*What you are asked to do*
Before you return the lines below, strip out any images and keep every word as written.
+++ Given data
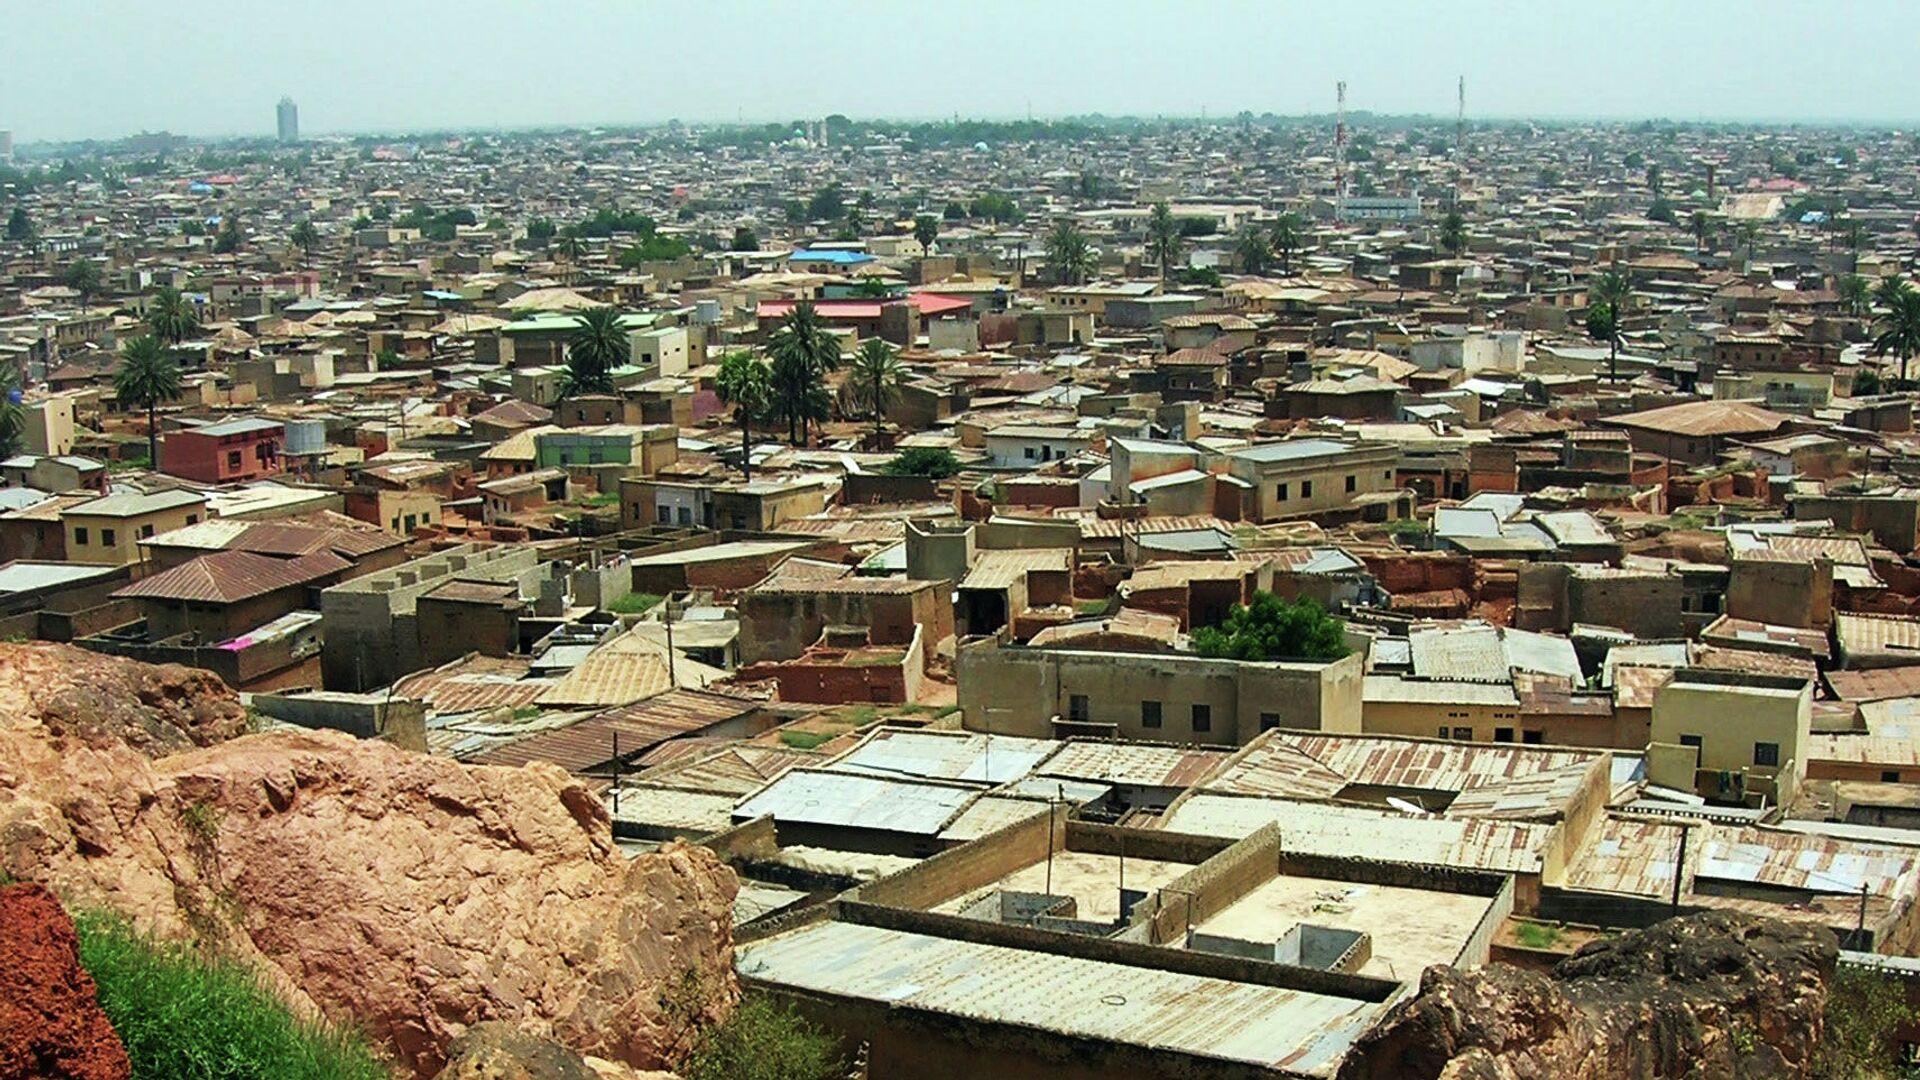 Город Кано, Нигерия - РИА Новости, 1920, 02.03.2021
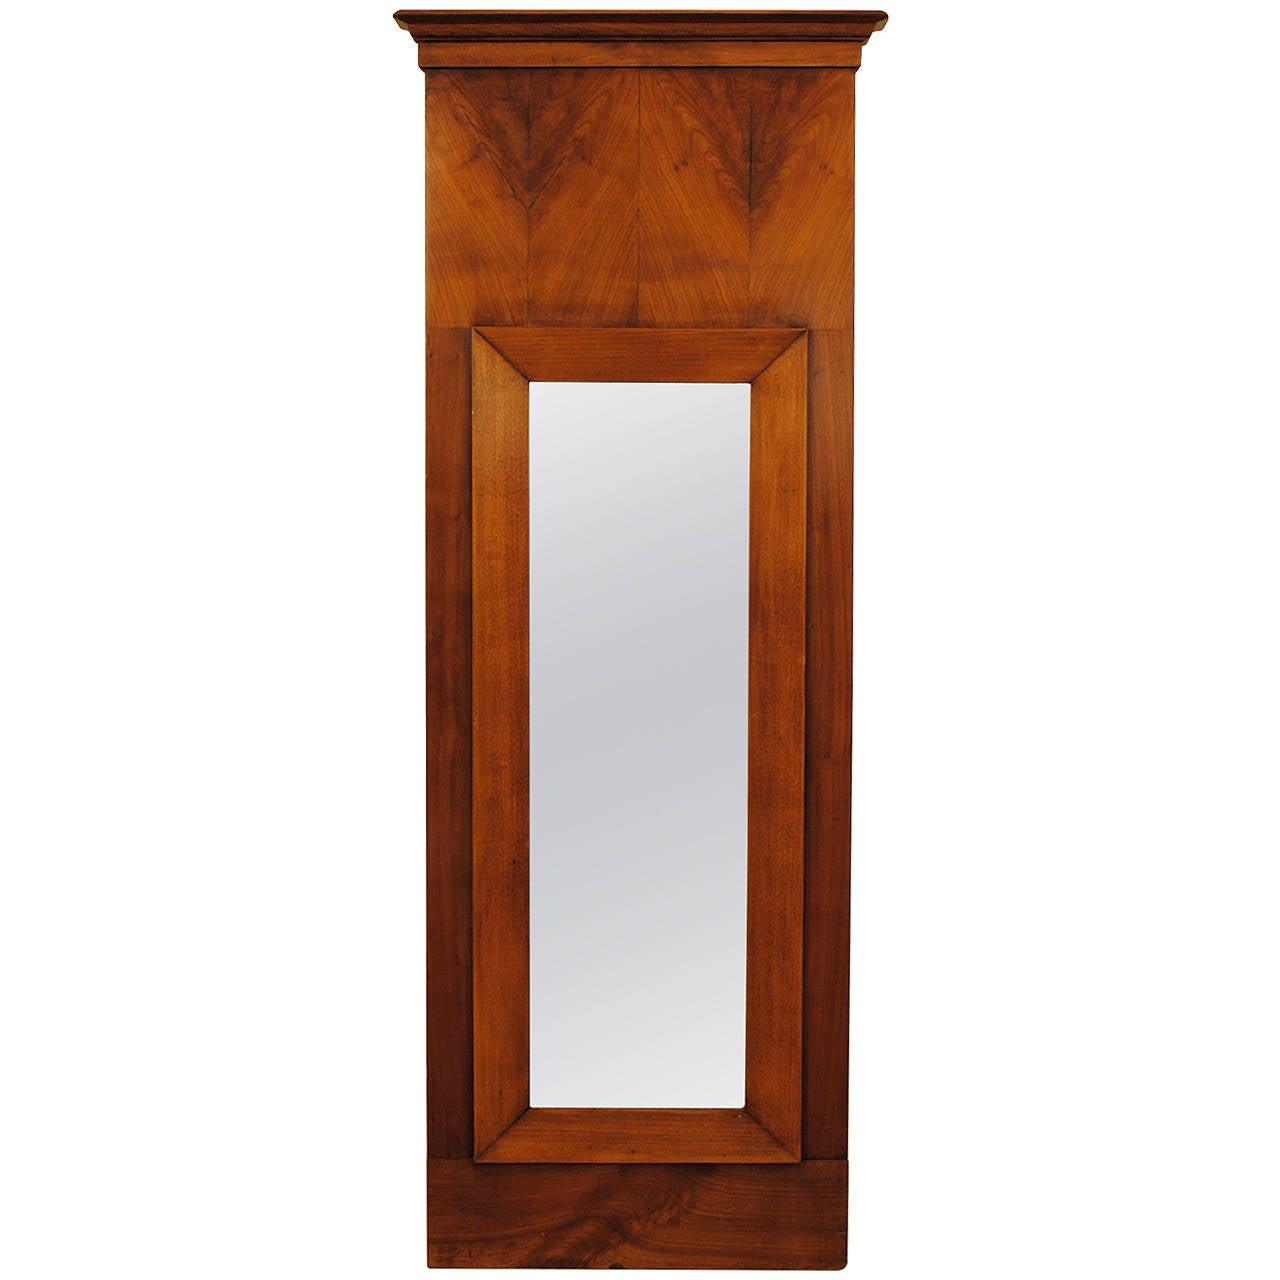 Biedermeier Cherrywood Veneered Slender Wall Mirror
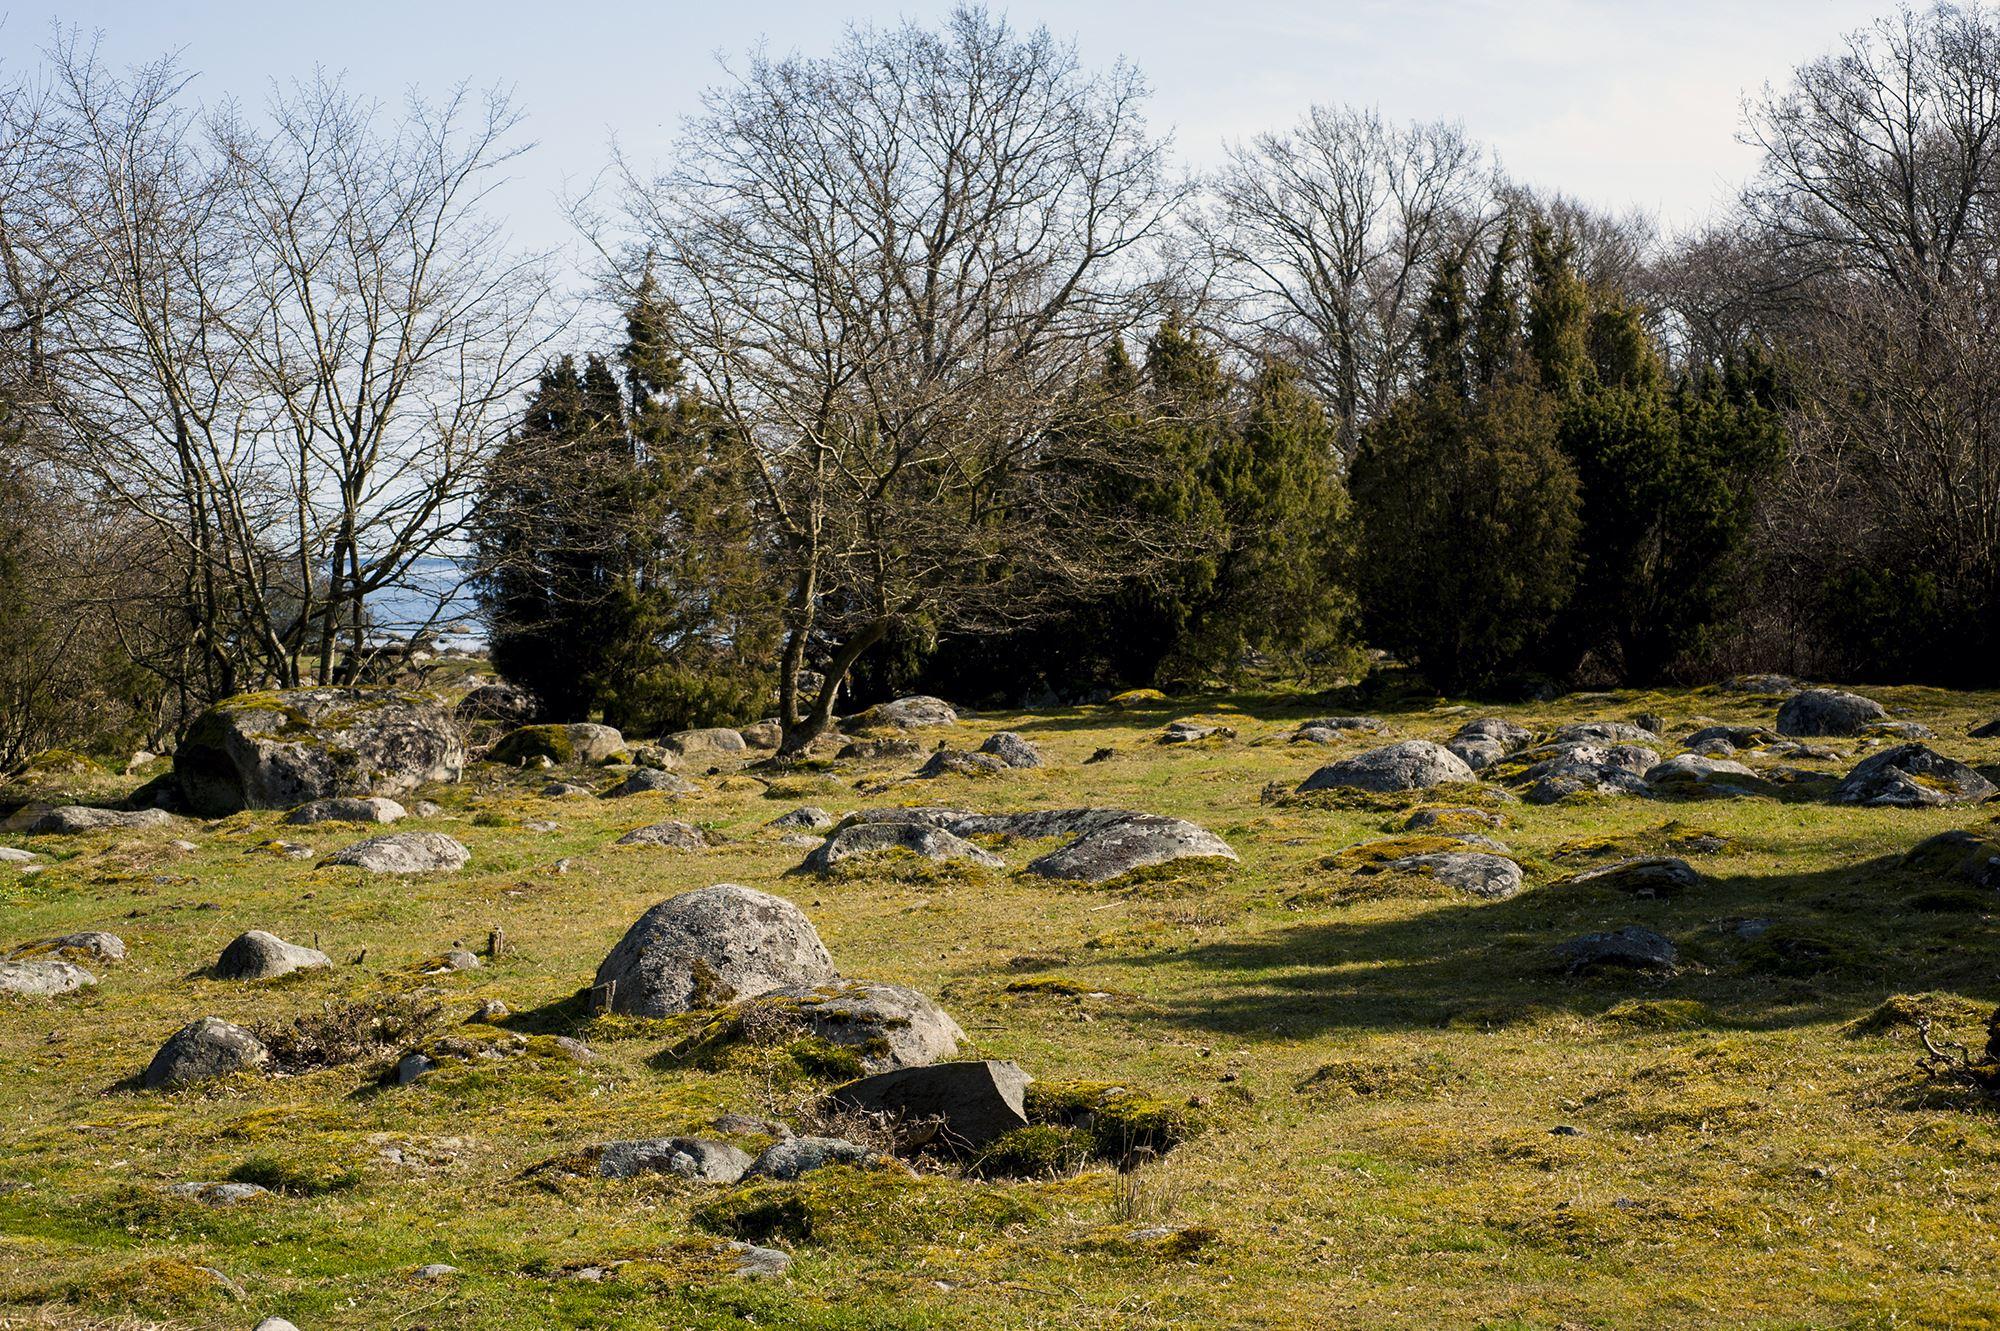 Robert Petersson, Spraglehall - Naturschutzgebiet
++++++
*Your response*
 Город Кано, Нигерия - РИА Новости, 1920, 02.03.2021
 Biedermeier Cherrywood Veneered Slender Wall Mirror
 Robert Petersson, Spraglehall - Naturschutzgebiet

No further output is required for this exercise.